В этом, конечно, он был прав, поскольку много, очень много на дорогах страны встречалось любителей романов Понсон дю Террайля[297] и также — «Отверженных» Гюго, и персонажи их изменяли свои имена, возраст и внешний вид, всегда обманывая своих преследователей. Гастон Леру показал, способности раствориться в окружающей среде некоего злодея в своем много раз переиздаваемом и читаемом романе, «Мистерия желтой комнаты». И на фоне классических образов мятежников, исторических outlaws[298], непреклонных и неуловимых, имя «Студент» не сходило с языка — в казармах, на вечеринках в городских домах, в безыскусных песенках, зазвучавших в деревнях, хотя там, по сути дела, еще плохо представляли себе, что такое коммунизм, и Студента воспринимали как бойца-реформатора, защитника бедных, врага богачей, бич лихоимцев, патриота, возрождающего подавленный капитализмом дух нации; люди в нем видели преемника народных вождей эпохи наших войн за независимость, продолжающих жить в памяти народа благодаря своим благородным и справедливым выступлениям.

Он вездесущ, и слава об этом растет день ото дня: он, одаренный талантом находить неведомые тропы, издеваясь над полицейскими патрулями, заставами, и дорожной охраной, — переносится из шахт Севера на Пристань Вероники, из края лесорубов на необитаемые плоскогорья, где лишь цветет фрайлехон.
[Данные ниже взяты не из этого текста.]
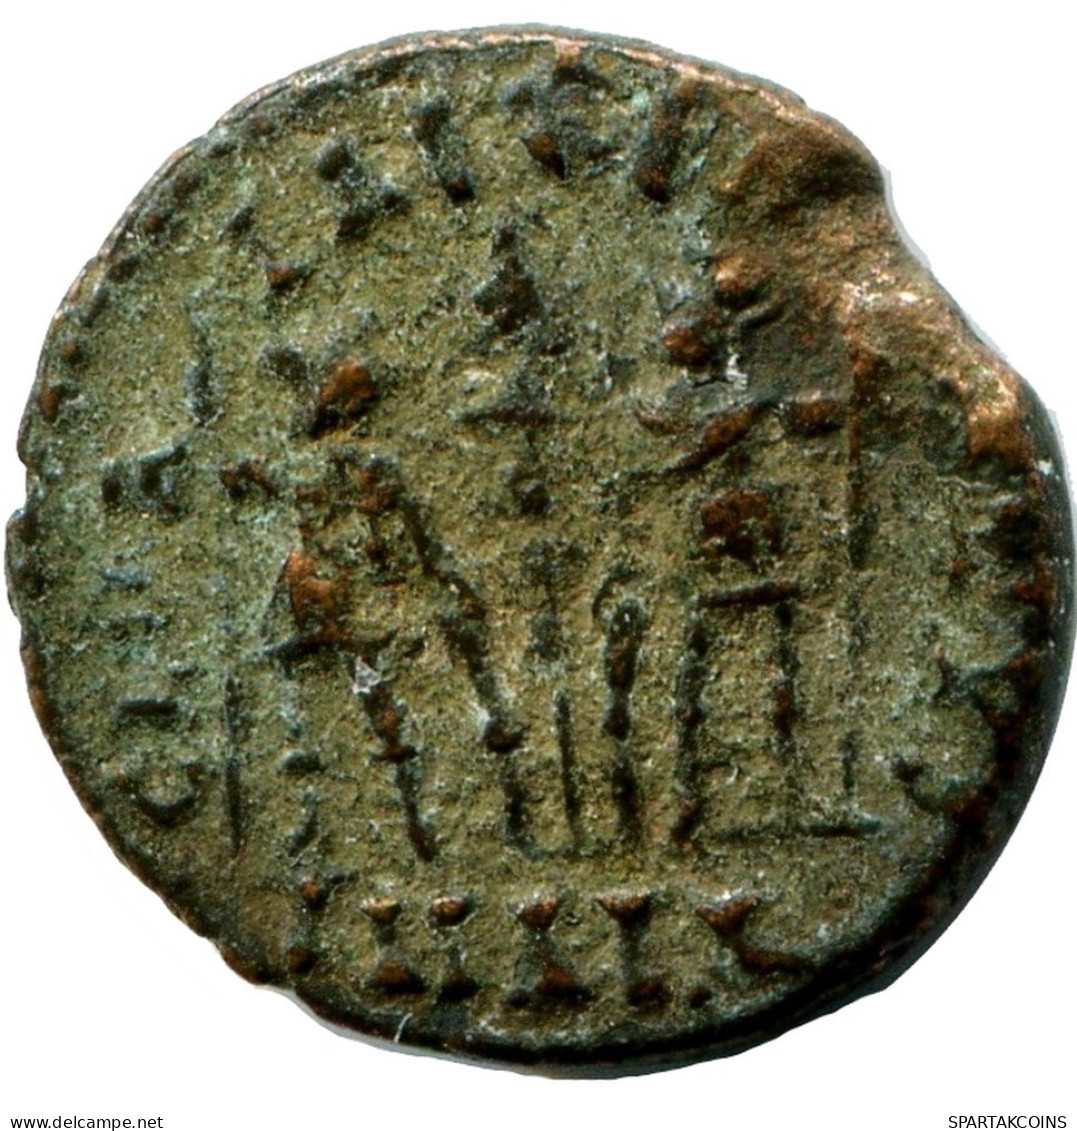 CONSTANS MINTED IN ALEKSANDRIA FOUND IN IHNASYAH HOARD EGYPT #ANC11470.14.D.A - El Imperio Christiano (307 / 363)

Легенда о Студенте обогащалась восхваляющими его повествованиями, романсами о его подвигах, что переходили из уст в уста: он мог проскользнуть, казалось, через самые узкие и непролазные для человека щели; он легко перепрыгивал с крыши на крышу, переодевался протестантским пастором, францисканским капуцином, один раз прикидывался слепым, другой раз — лжеполицейским, а то был пахарем, шахтером, погонщиком каравана вьючных животных, врачом с докторским саквояжем, английским туристом, бродячим арфистом, носильщиком больших плетеных корзин, и пока службы государственной безопасности его разыскивали под невероятный грохот мотоциклов, прочесывая кварталы Столицы, вполне вероятно, что он преспокойным образом отдыхал на скамье Центрального Парка — в парике старика, седобородый, в черных очках, уткнув нос в сегодняшнюю газету; некоторые его сторонники — а вообще-то кто знал, были у него сторонники или нет, — там, вдали, где среди камней растут агавы и кактусы, на побережье, где царят водоросли и рыбачьи сети, на полях спеющей пшеницы и на гумне среди снегов, пели ту песенку, что многие годы назад частенько можно было слышать в Мексике:

Нас, аграристов, обзывают голытьбою и ворами,

а мы просто не желаем у хозяев быть быками.

«Хватит с меня мифов, — говорил Глава Нации, размышляя о растущей популярности Студента, мысленный — и неизвестный — профиль которого каждое утро возникал перед его взором за высоким окном кабинета и перед ощутимым присутствием Вулкана-Покровителя. — Хватит с меня мифов. Ничто так не разносится по этому континенту, как мифы». — «Правильно, очень правильно, — высказывал свою оценку учитель лицея, зачастую пробуждавшийся в Церальте. — Монтесума[299] был свергнут мессианско-ацтекским мифом об Одном-Человеке-Светлой-Кожи-который-должен-прибыть-с-Востока.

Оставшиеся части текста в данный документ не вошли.